Florida’s Republican secretary of state is attempting to shut down ballot drop boxes just days before in-person early voting begins, adding a new roadblock for absentee voters. The move, which is totally unsupported by law, marks another attempt by state GOP officials to suppress the vote. The move may also bolster President Donald Trump’s effort to cast doubt on the validity of absentee ballots after the election.
For years, Florida has allowed no-excuse absentee voting, which is now more popular than ever: Well over 2 million residents have already cast their ballots in the 2020 election. State law explicitly allows county supervisors of elections to facilitate early voting by setting up multiple ballot drop boxes where voters can deposit completed ballots. The Legislature has also compelled these supervisors to place drop boxes at their main office, each branch office, and each early voting site. Supervisors have already placed mandatory drop boxes outside their offices that are open 24 hours a day. They are preparing to open more 24-hour drop boxes at early voting sites on Oct. 19, when in-person early voting commences. These mandatory drop boxes are monitored by video or volunteers to prevent destruction of ballots.
Florida law also allows supervisors to set up discretionary drop boxes outside locations that qualify as early voting sites but aren’t being used for that purpose. So, for instance, supervisors can place drop boxes outside libraries, courthouses, and community centers that could be used for early voting but weren’t this year. Many supervisors have already set up these discretionary drop boxes, and they’ve proved extremely popular. By providing enough drop boxes to meet demand, they have avoided appalling scenes like those in Texas, where voters have waited in endless, snaking lines to place their ballots in the single drop box allowed per county.
On Wednesday, however, Secretary of State Laurel Lee tried to shutter a large number of both mandatory and discretionary boxes.
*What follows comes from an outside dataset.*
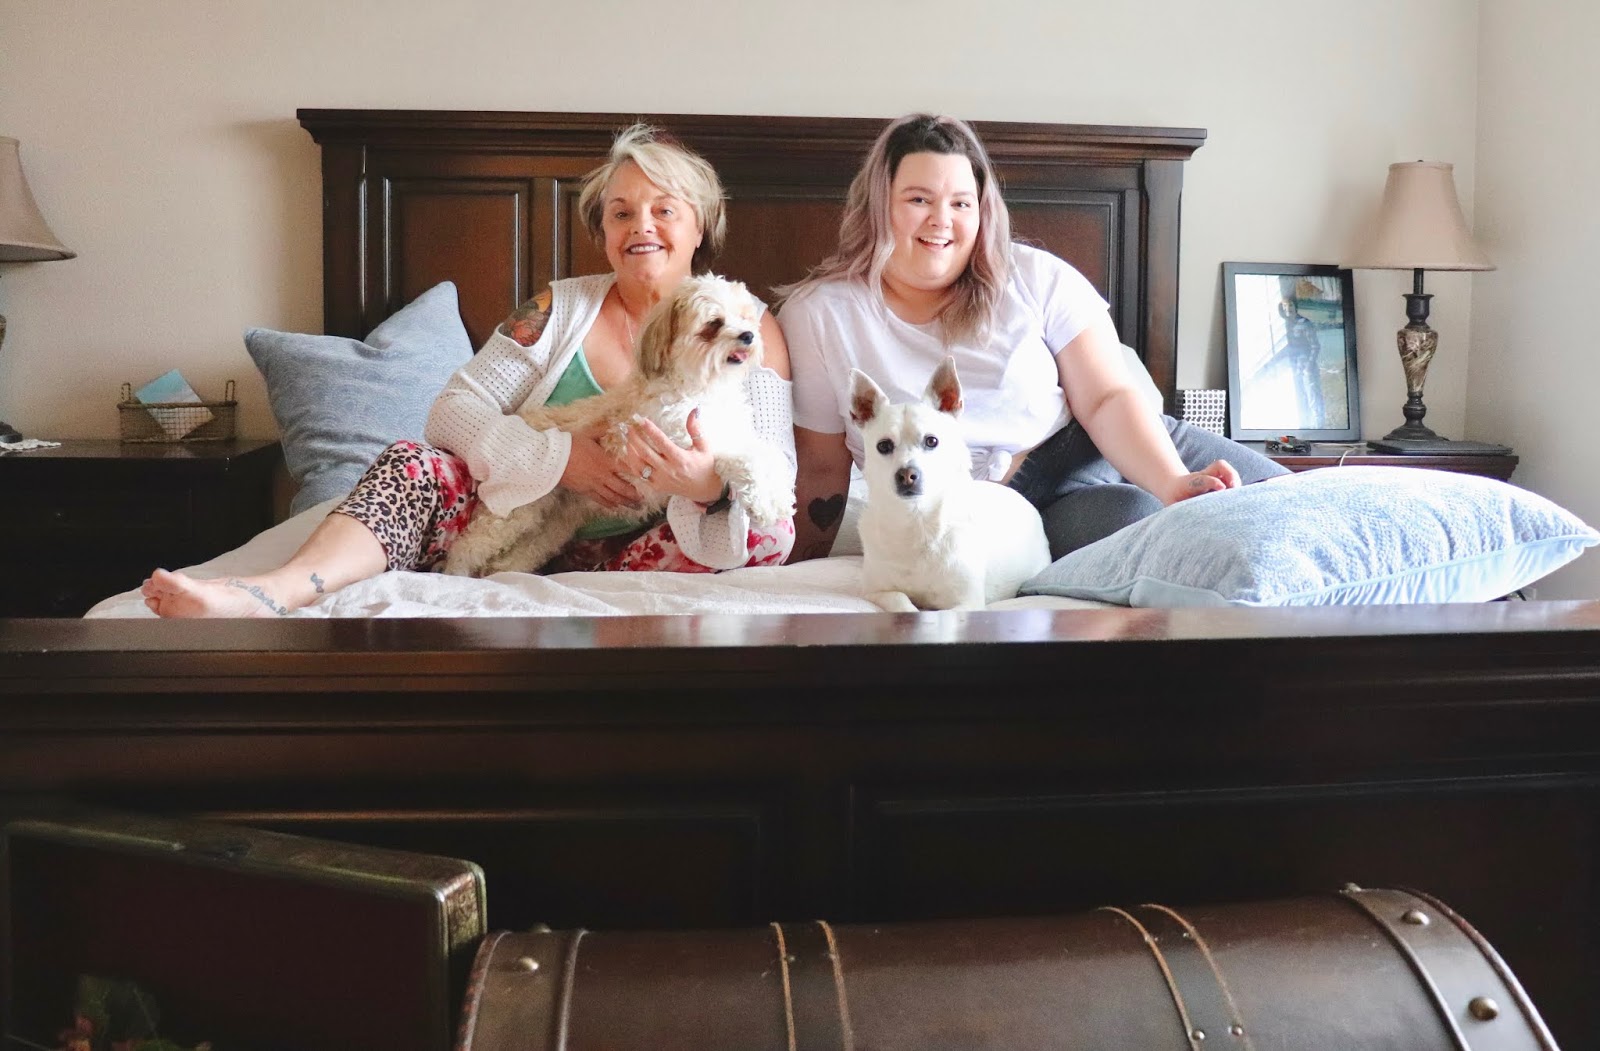 Chicago Plus Size Petite Fashion Blogger, YouTuber, and model Natalie Craig, of Natalie in the City, reviews Big Fig, the mattress made for a bigger figure, and shares how she bought the perfect mothers day gift!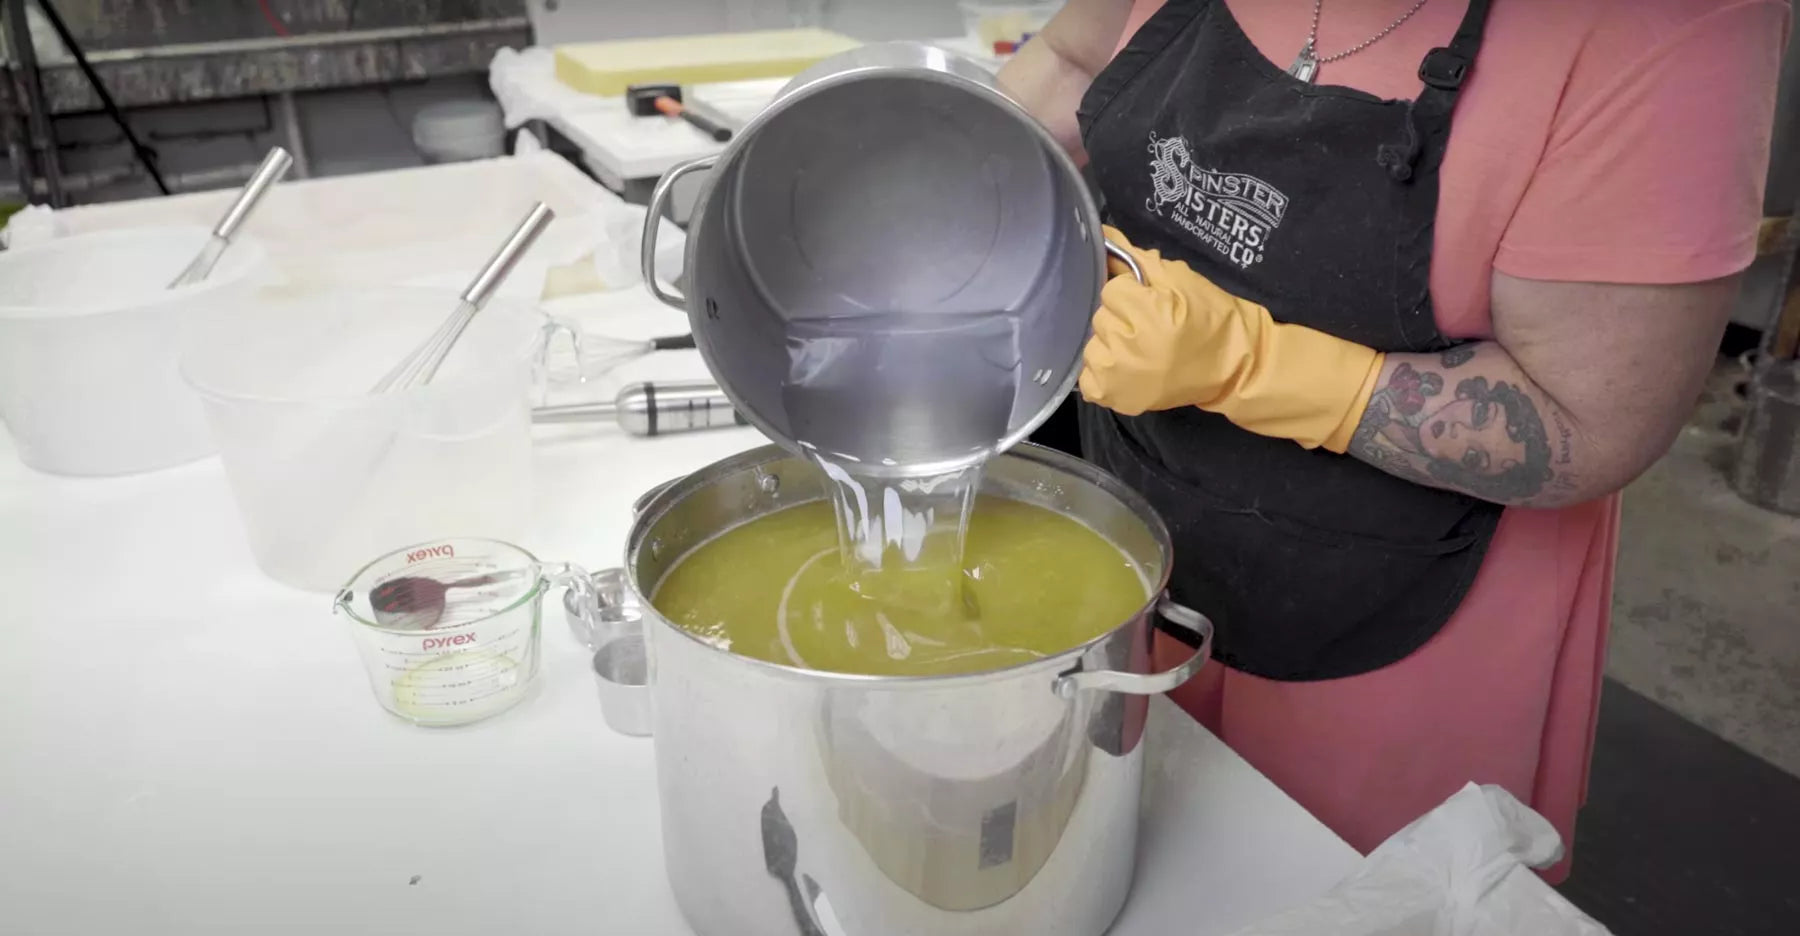 Video: Inside the Microsoapery & Our Mission

In guidance sent to election supervisors and obtained by Slate, Brad McVay, general counsel of the Florida Department of State, imposed onerous new drop box regulations. McVay announced that mandatory drop boxes must be staffed by election officials at all times, and that these officials must ensure that each voter has signed and sealed their ballot envelope. He also declared that discretionary drop boxes may only remain open during early voting days and hours.
This guidance, if implemented, would force dozens of counties to close hundreds of drop boxes every day and remove others altogether. Florida’s counties do not have sufficient personnel to staff mandatory drop boxes 24 hours a day, or to devote the number of staffers necessary to screen each voter’s ballot. So supervisors would have to close these mandatory drop boxes for at least part of each day. Further, counties that use 24-hour discretionary drop boxes would have to shut them until Monday, when early voting begins. Then, starting Monday, they would have to either close these boxes early or keep them closed permanently. The result would be an abrupt and drastic contraction in the number of drop boxes available to Floridians.
But there’s a problem with McVay’s guidance: It has no legal basis. Florida law does not require mandatory drop boxes to be staffed at all times; it merely says that these boxes must be “secure.” As Ron Labasky, legal counsel for the Florida Supervisors of Elections association, told the Tampa Bay Times, there’s no definition of “secure” in the statute. Instead, the law leaves security “within the discretion of the supervisor.” And there is no legal reason why monitoring by 24-hour video or certified volunteers does not count as “secure.”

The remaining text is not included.